Mrs Cliffe could only shudder at such callous unconcern; while Ambrose, quite mistakenly supposing that these reflections were directed at his own, less adventurous, career, fell into obvious sulks.
Lady Denville, having disposed of the tea and bread-and-butter which constituted her breakfast, then excused herself, saying, as she got up from the table: ‘Now I must leave you, because Nurse Pinner seems not to be very well, and it would be too unkind in me not to visit her, and perhaps take her something to tempt her appetite.’
‘Some fruit!’ said Kit hastily.
She gave a little chuckle, and said, i
rrepressible mischief in her voice: ‘Yes, dearest!

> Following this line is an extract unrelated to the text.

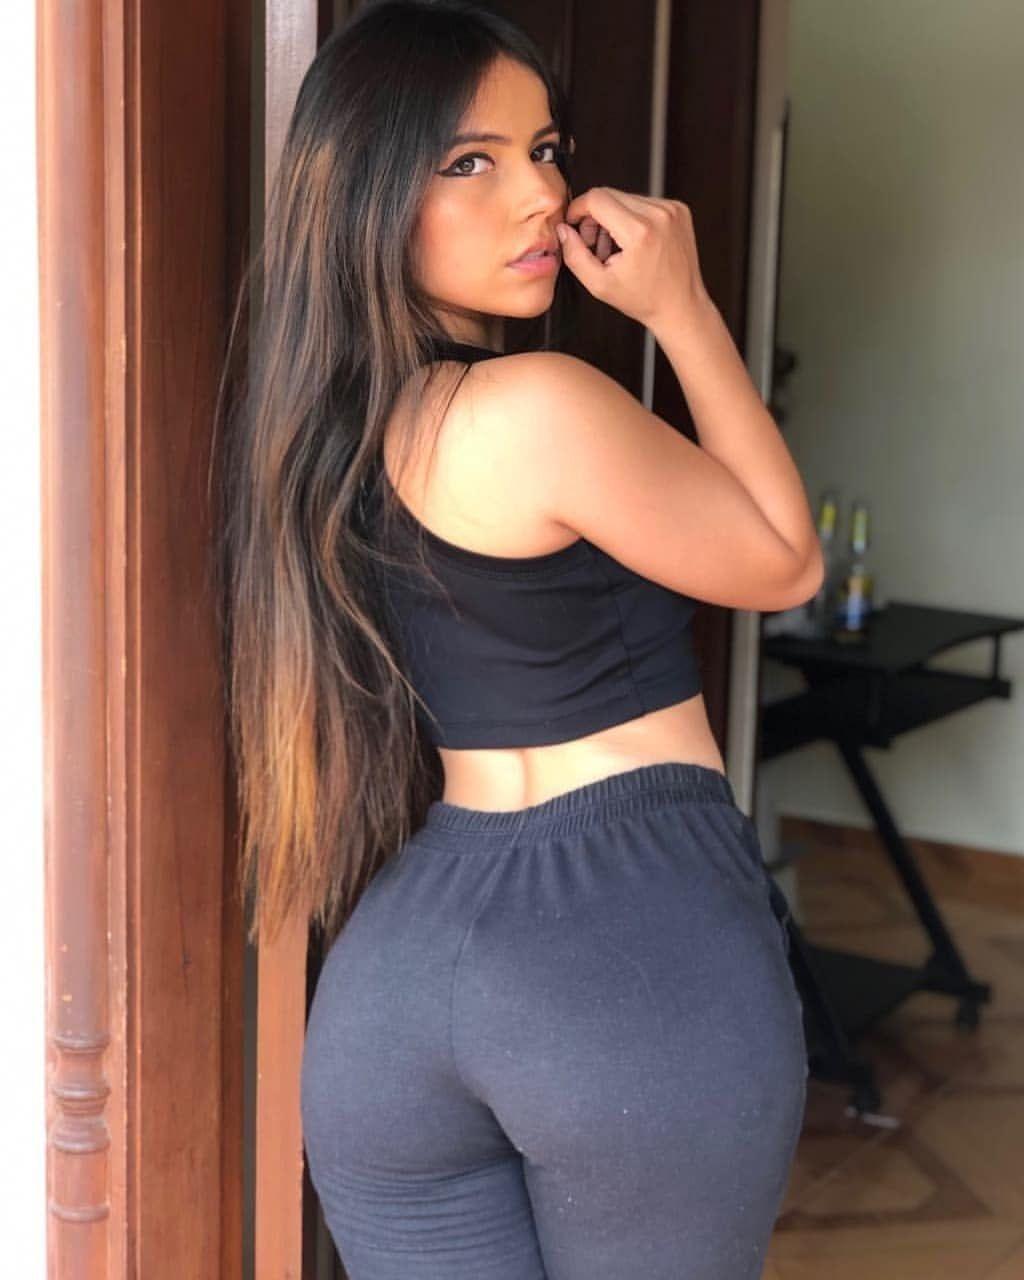 Pack Aida Cortéz [VIDEO Y FOTOS] 2

Not quails!’
‘Quails!’ ejaculated Cosmo, shocked beyond measure. ‘Quails for your old nurse, Amabel?’
‘No, Evelyn thinks some fruit would be better.’
‘I should have thought that some arrowroot, or a supporting broth would have been more suitable!’ said Emma.
That set her incorrigible sister-in-law’s eyes dancing wickedly. ‘Oh, no, I assure you it wouldn’t be! Particularly not the arrowroot, which – which she abominates! Dear Emma, how uncivil it is in me to run away, as I must! But I am persuaded you must understand how it is!’ Her lovely smile embraced her seething younger son. ‘Dearest, I leave our guests in your hands! Oh, and I think a bottle of port, don’t you? So much more supporting than mutton-broth! So will you, if you please, –’
‘Don’t tease yourself, Mama!’ he interrupted, holding open the door for her. ‘I’ll attend to that!’
‘To be sure, I might have known you would!’ she said, wholly unaffected by the quelling look she received from him. ‘You will know just what will be most acceptable!’
‘I sometimes wonder!’ said Cosmo, in accents of the deepest disapproval, as Kit shut the door behind her ladyship, ‘whether your mother has taken entire leave of her senses, Denville!’
Mr Fancot might be incensed by his wayward parent’s behaviour, but no more than the mildest criticism was needed to make him show hackle. ‘Do you, sir?’ he said, dangerously affable. ‘Then it affords me great pleasure to be able to reassure you!’